The custom is called “Paparuda” and is named the same with local linguistic nuances, originating with the same gods who ruled the region at the time.
Basically, the ritual is nothing more than a sexual interpretation of the fecundity process. The Sky had to make love to the Earth in order for the crop to grow. The Sky was sending his sperm, the rain, into the Earth which was germinating the seeds.
I doubt that the Thracians were thinking along those line exactly, however those who studied the old customs and the origins of the modern religions express the belief that everything was nothing more than an allegory of the process of creation. Mircea Eliade wrote extensively on those rituals, and Sorin Paliga dedicated considerable time to the etymology of the word itself.
The custom has its roots in Paganism, however it was one of those rituals which crossed over to Christianity and it is performed without a real conflict even today.
Although the “Paparuda” ritual common over an area which is independent of the modern administrative divisions, there are different ways in its performance depending on the specific village.

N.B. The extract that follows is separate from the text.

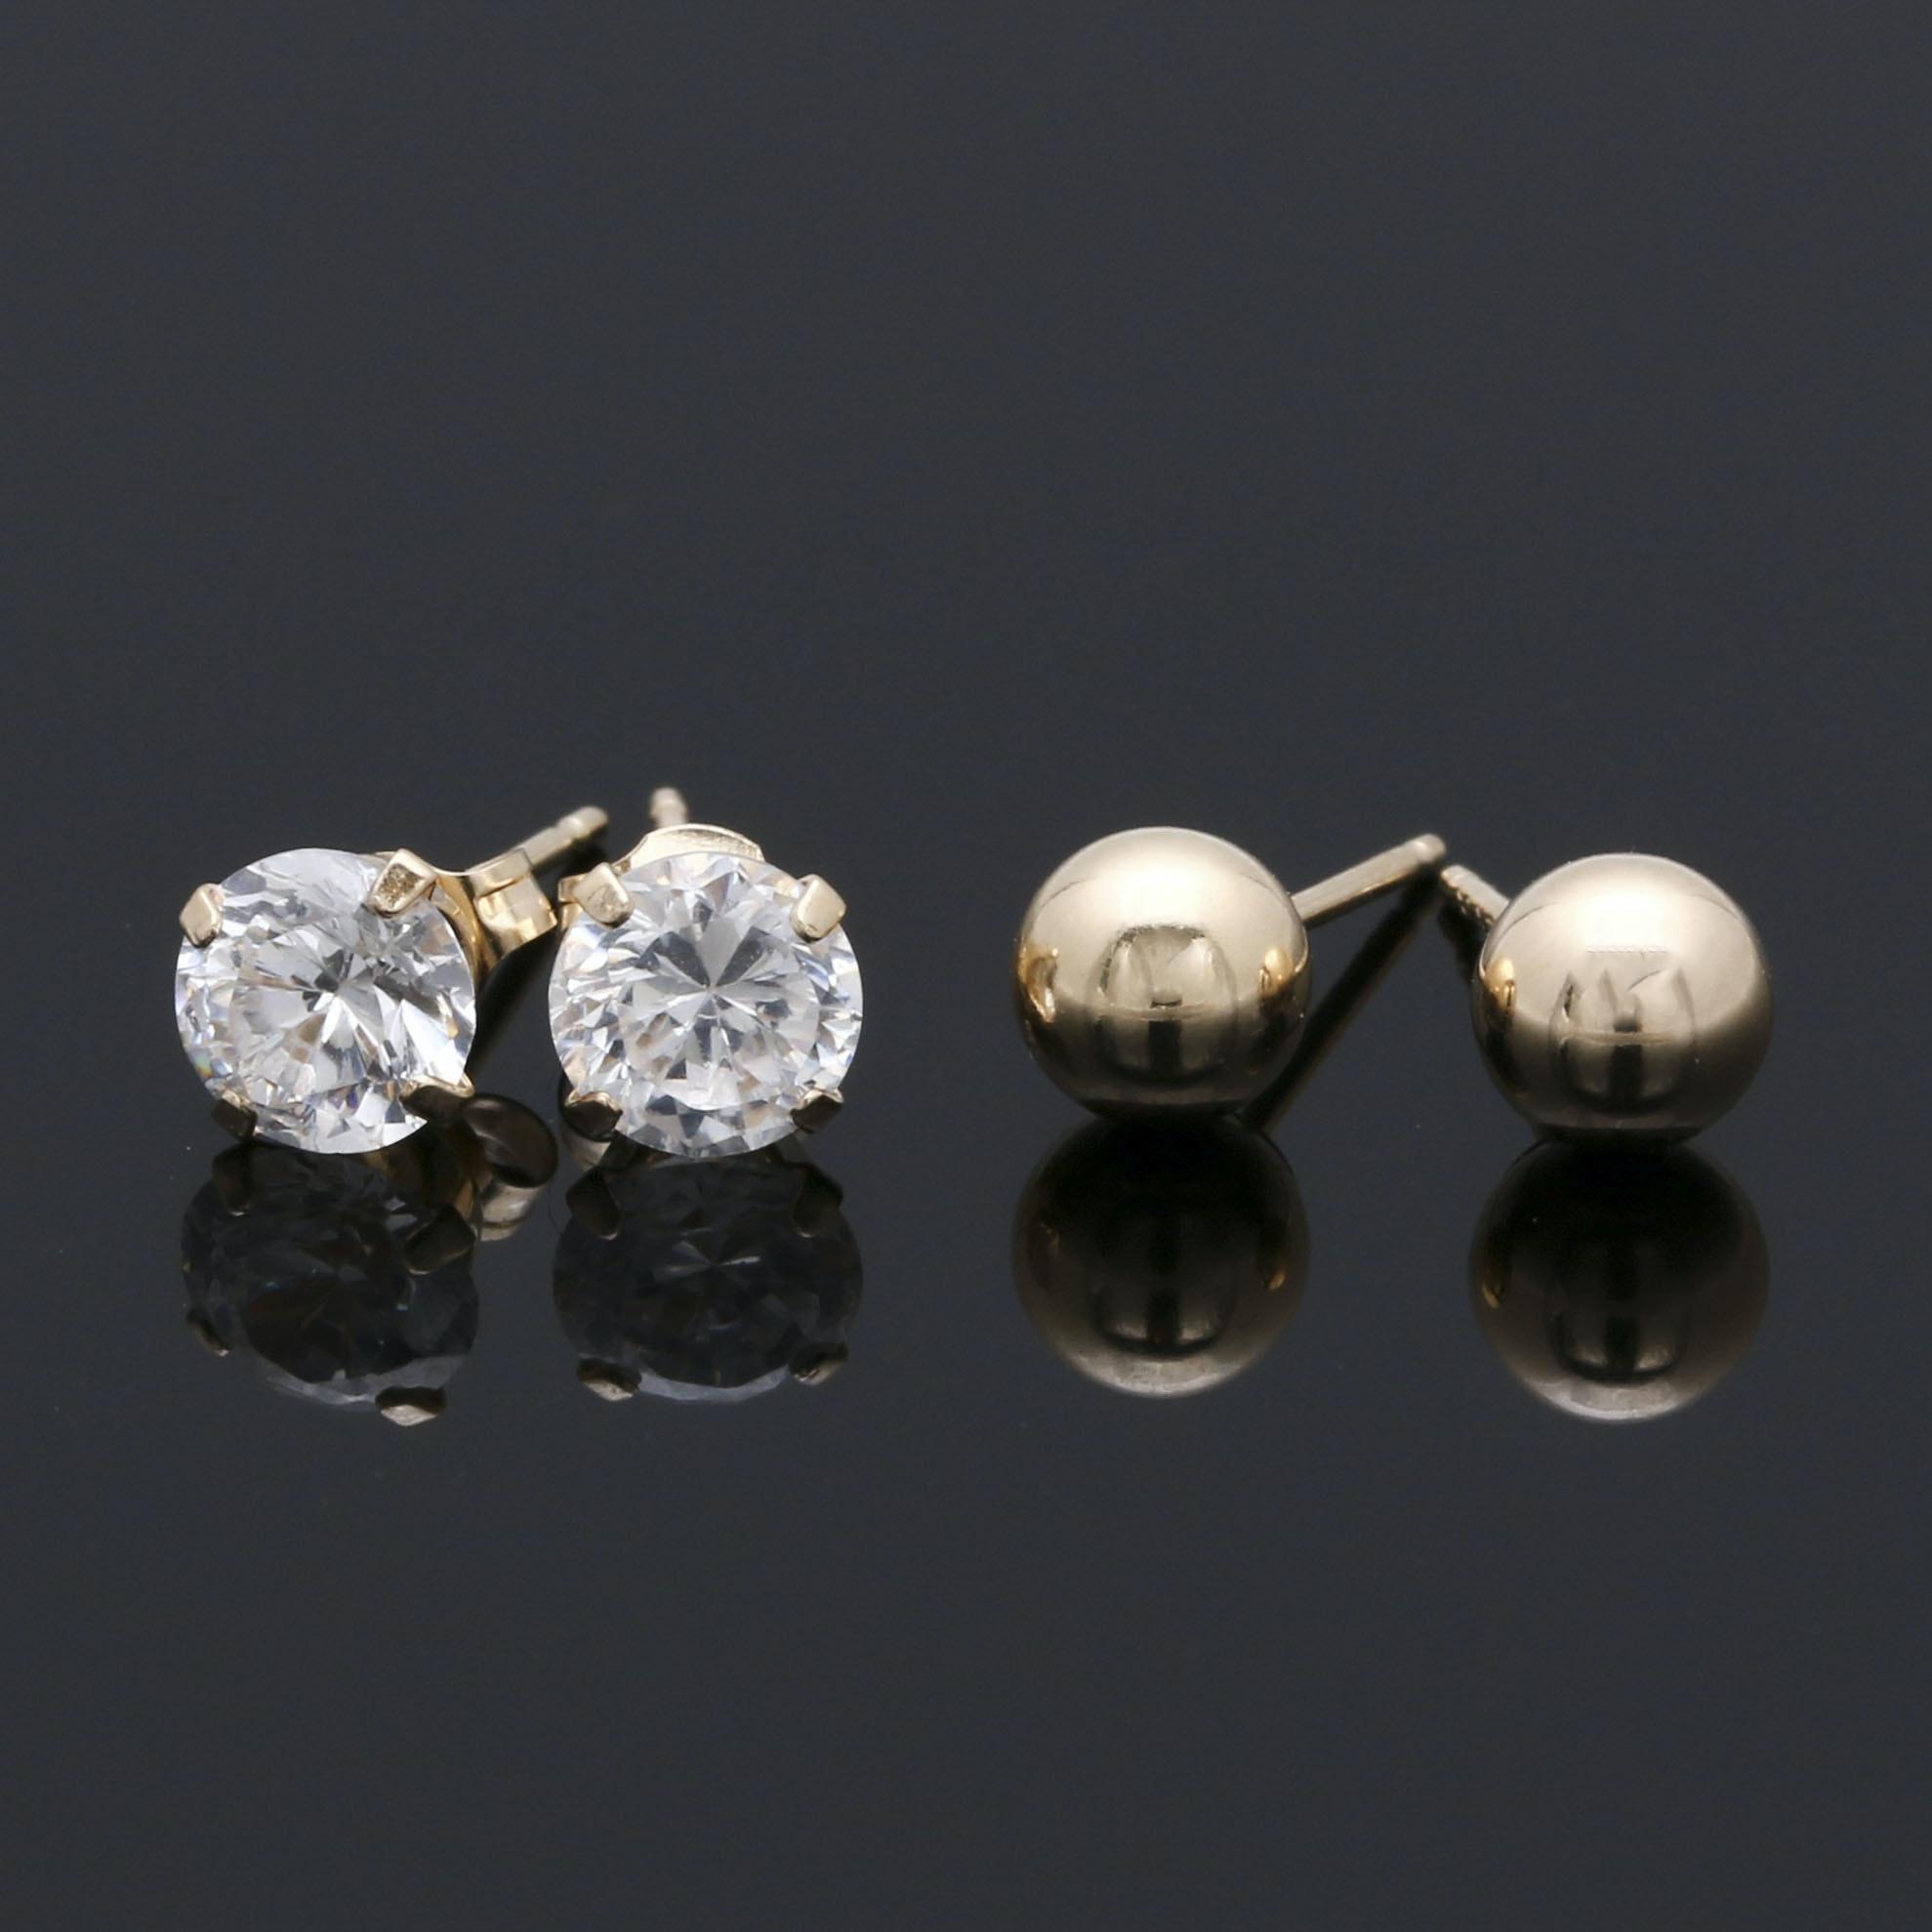 14K Yellow Gold Cubic Zirconia Earrings Selection

Paparuda is a goddess invoked to produce the needed rain for the future crops. The invocation is made by young girls usually, although there are boys involved in certain areas. The reason for having young girls around ten-thirteen years of age, the start of the menstrual cycle, is symbolizing the beginning of the Nature annual revival. In the past, the girls were dressed up in skirts made of tree branches with leaves on them to cover their naked bodies. They used to go from house to house to do a song and a dace. Mainly they were asking the goddess to offer the rain necessary to grow whatever crop the villager was growing. The hostess threw buckets of water on the dancers, which were running away, because the water was cold. Usually, after the invocation, the dancers were offered food. Traditionally, the girls chosen to take part were from the poor of the villages, and that was a way to offer food for their family.
In certain parts of Romania, the dancers were mostly young gypsy women. No one else wanted to do. Because it was a pagan custom, the Christians did not feel comfortable with doing it, although they wanted to be done at their houses. The gypsy women were not considered to high on the honor scale, mostly because they were performing activities considered as black magic.
When I witnessed the rituals a couple of times, it was in the middle of the Summer with a long and persistent drought, and people were not only desperate about their food, but the live stock was in peril. I am not so sure that too many of the young generation took the ritual seriously, however the elderly were very respectful and full of hope. It was funny, of course I did not really understand that at the time, I was too young and not the rebel I am today, but when the dancers were entering the gate of a house, the hostess use to bless them with the sign of the cross and people were saying small prayers. I am sure that it was a pure coincidence, however in both instances that I witnessed, three days later, the flood gates to the skies broke open and it rained enough to salvage whatever was slotted for a later time in the season…
I don’t know if anyone performs the rituals as they used to, however they are doing them at festivals on stages. No, the girls are not really fit for the age, and although they have prop of branches with leaves, they are fully dressed in local costumes.
Hey, I am a proud member of the generation who conquered the Earth, but if this crap keeps going at this pace, I am going to start learning the “Paparuda” song, cover myself in branches with leaves and start going from house to house to bribe the goddess for some rain!!!
P.S. I will make sure that whatever skin will be visible, will be soaked in sunscreen lotion with a high degree of UV protection!!!